Vor allem die Heizungsanlage ist dabei oft ein Punkt, der kostspielige Investitionen und damit eine höhere Kreditaufnahme notwendig macht. So sollten eigentlich bereits jetzt alle Heizungsanlagen die der Bundes-Emissionsschutz-Verordnung von 1998 nicht mehr entsprechen bis spätestens November 2004 stillgelegt worden sein. Als Faustregel gilt das für alle Heizkessel, die vor dem Jahr 1978 hergestellt wurden. Doch immer wieder finden sich in gebrauchten Immobilien Heizkessel, die eigentlich nicht mehr im Betrieb sein dürften.

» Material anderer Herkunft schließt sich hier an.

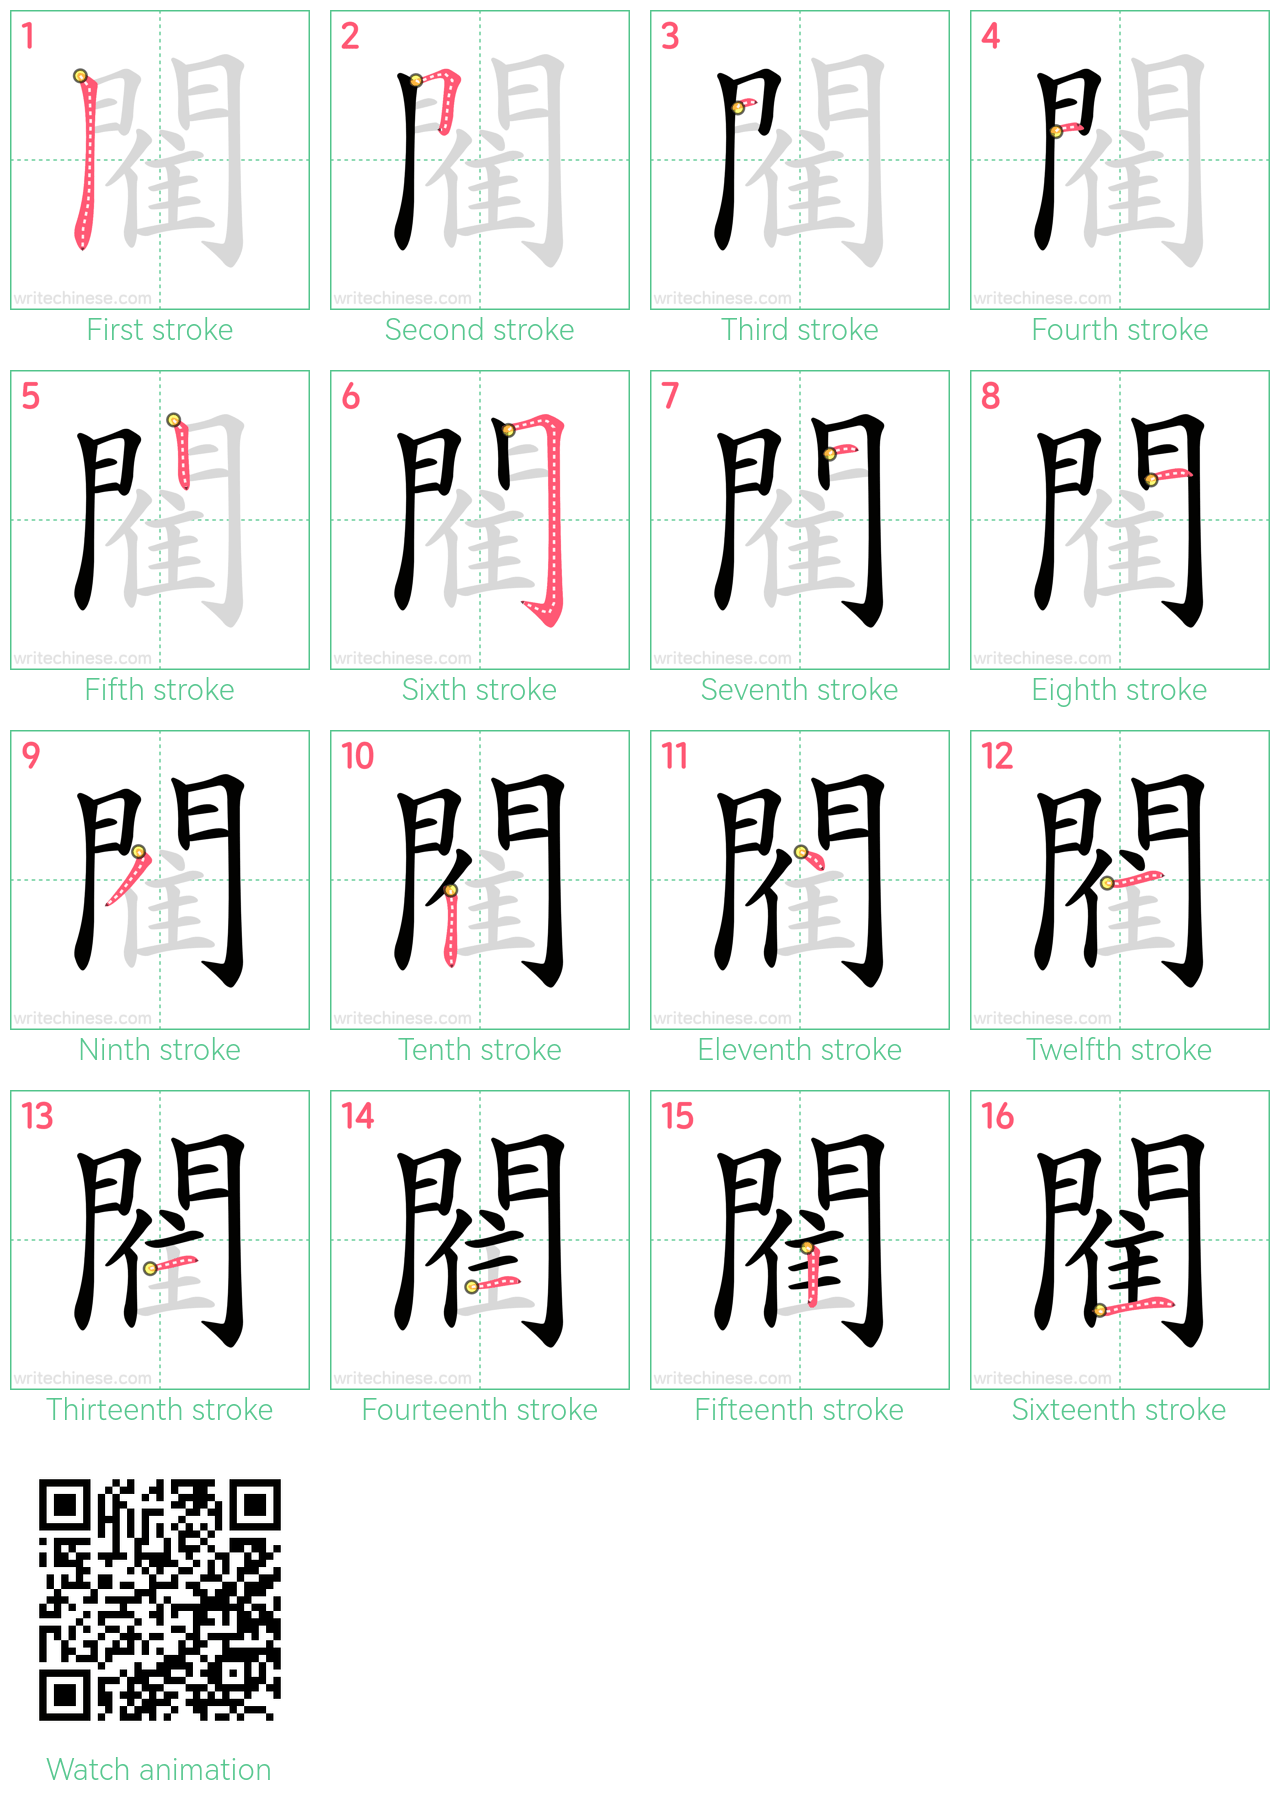 閵 step-by-step stroke order diagrams

Moderne Standards sind wichtig

Auch bei der Wärmedämmung und den elektrischen Installationen sind manche gebrauchten Immobilien längst nicht auf dem neuesten Stand. Vor allem über alte Fenster und Türen geht während der Heizperiode viel Wärme verloren. Der Energiepass (der seit einigen Jahren vorgeschrieben ist) sollte da eine erste Auskunft geben. Bevor man also ein vermeintliches „Schnäppchen“ als Immobilie kauft, sollte unbedingt ein Fachmann als Gutachter hinzu gezogen werden. Denn das spart am Ende vermutlich viel Geld. Ein solcher Experte kann die Instandsetzungskosten realistisch abschätzen, was für eine seriöse Baufinanzierung unumgänglich ist.